◆ **THE PROBLEM**
Please reproduce the listing word for word. Pictures stay out.

◆ **DATASET SECTION**
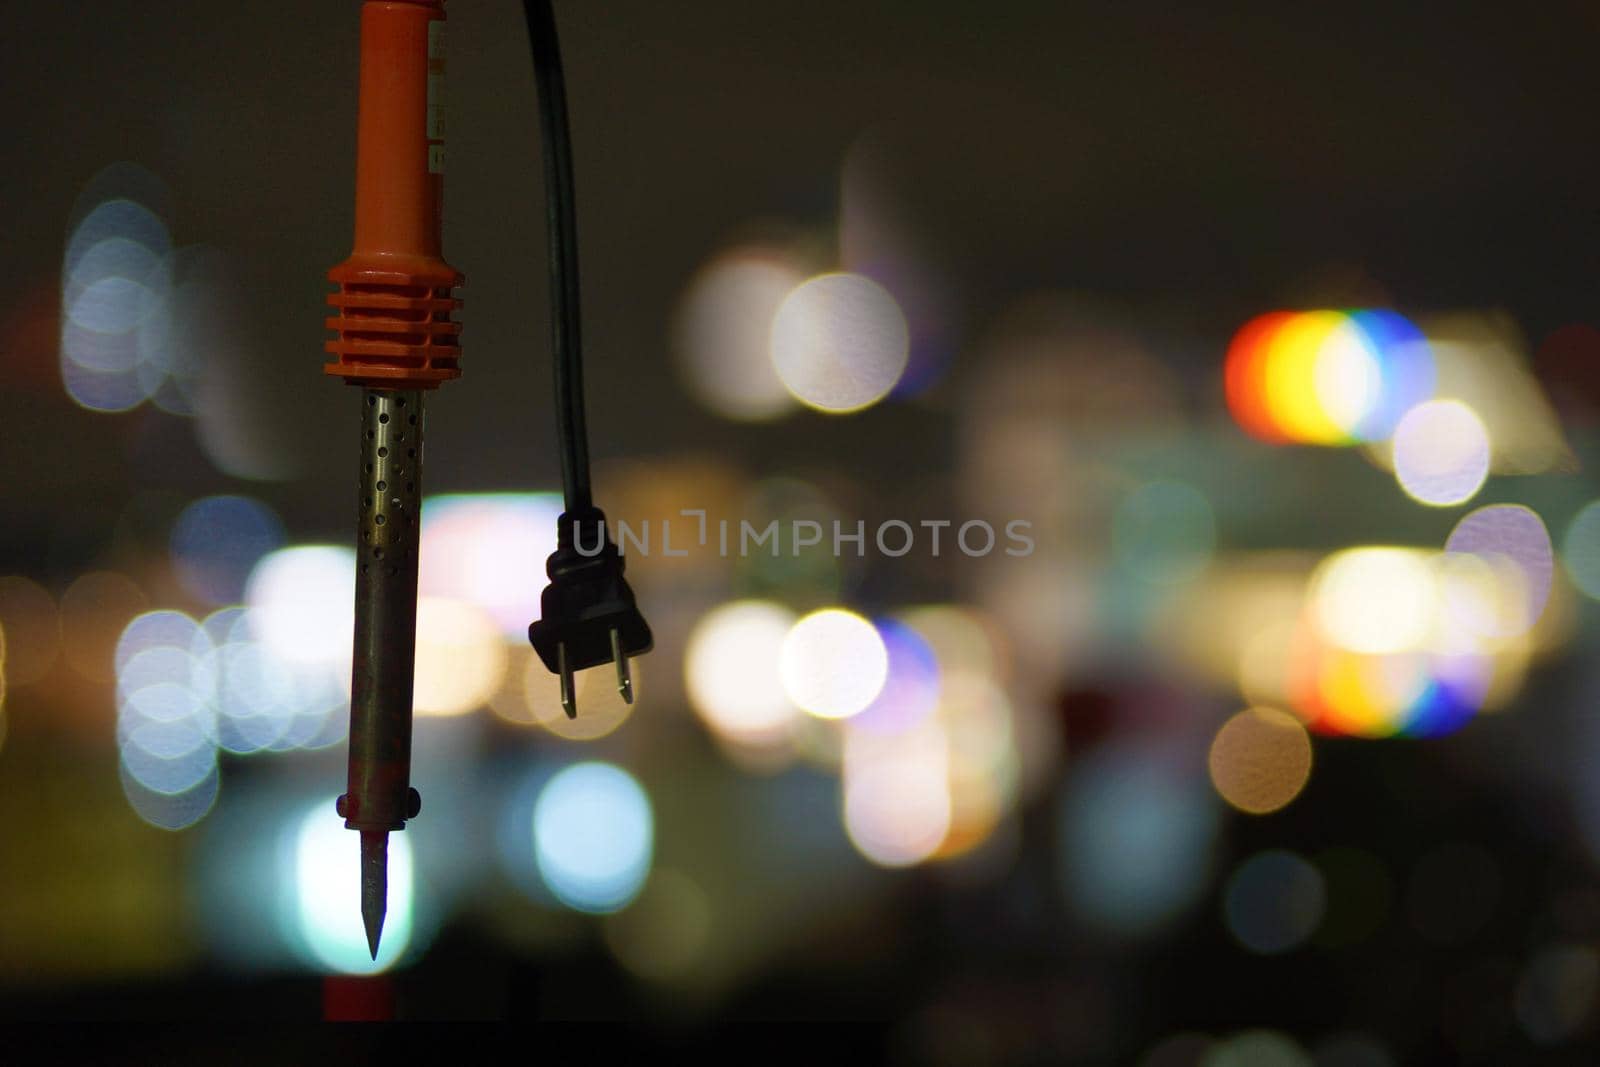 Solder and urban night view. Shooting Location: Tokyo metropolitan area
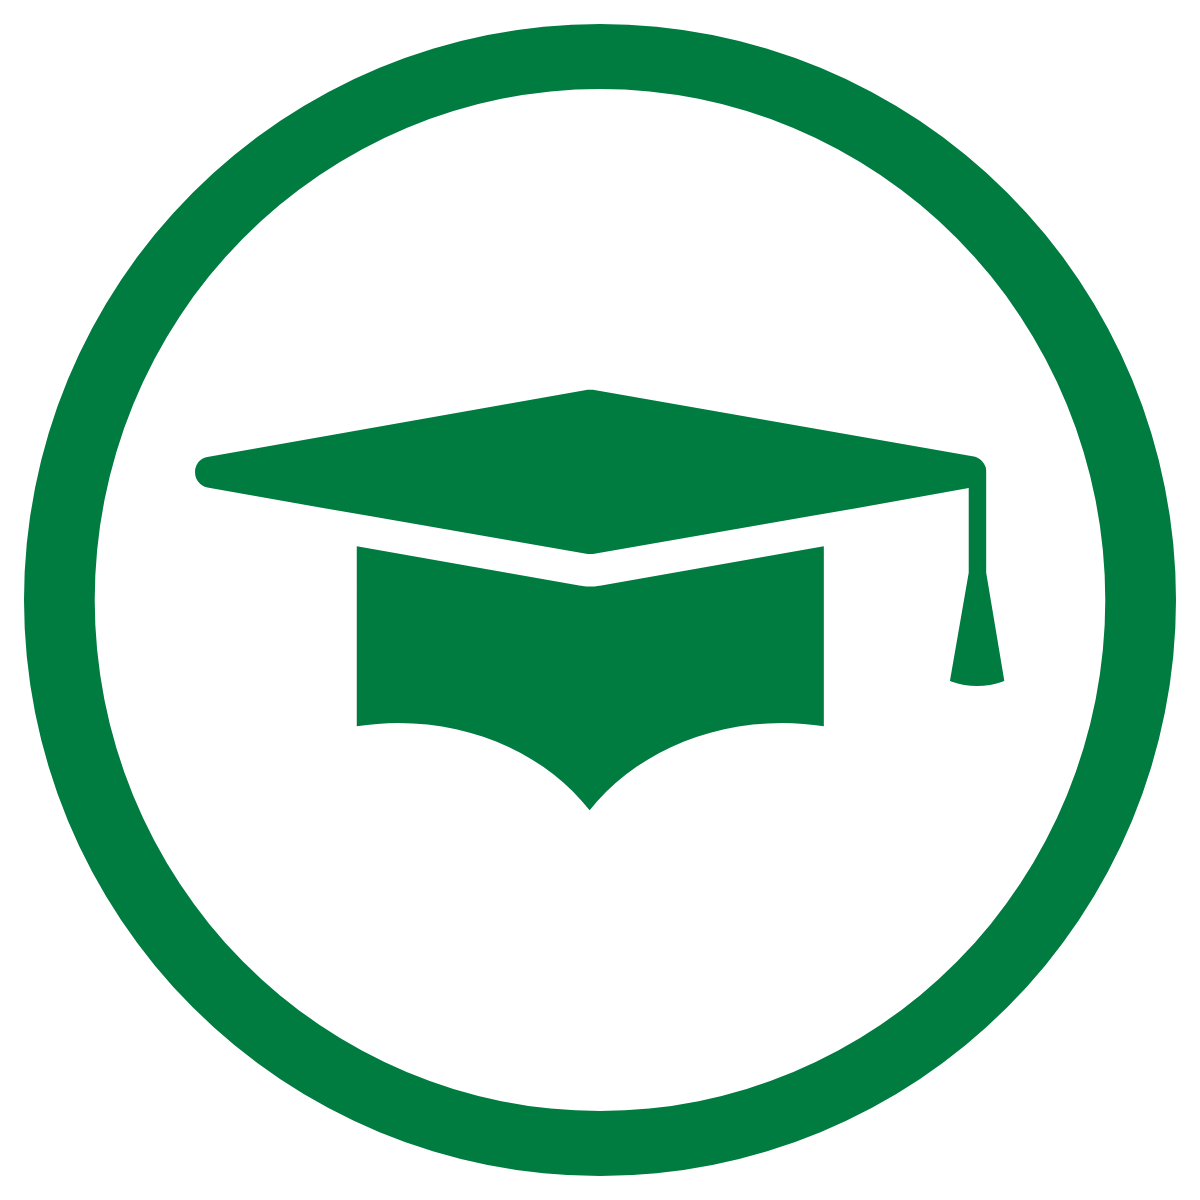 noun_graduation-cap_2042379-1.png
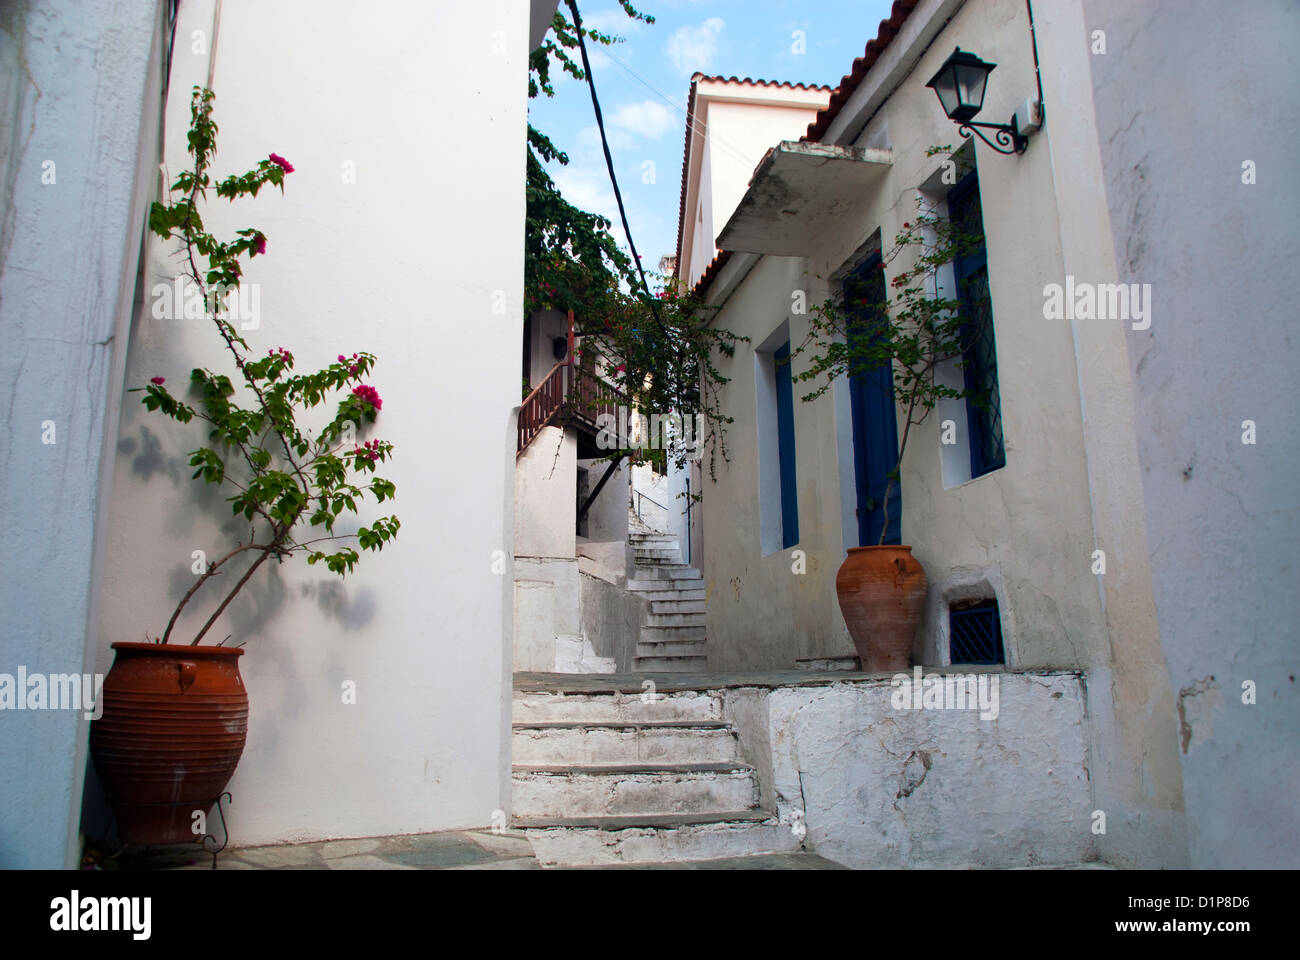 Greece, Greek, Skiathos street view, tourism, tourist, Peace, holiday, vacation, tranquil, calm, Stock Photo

◆ **REPLY TO THE TASK**
 Solder and urban night view. Shooting Location: Tokyo metropolitan area
 noun_graduation-cap_2042379-1.png
 Greece, Greek, Skiathos street view, tourism, tourist, Peace, holiday, vacation, tranquil, calm, Stock Photo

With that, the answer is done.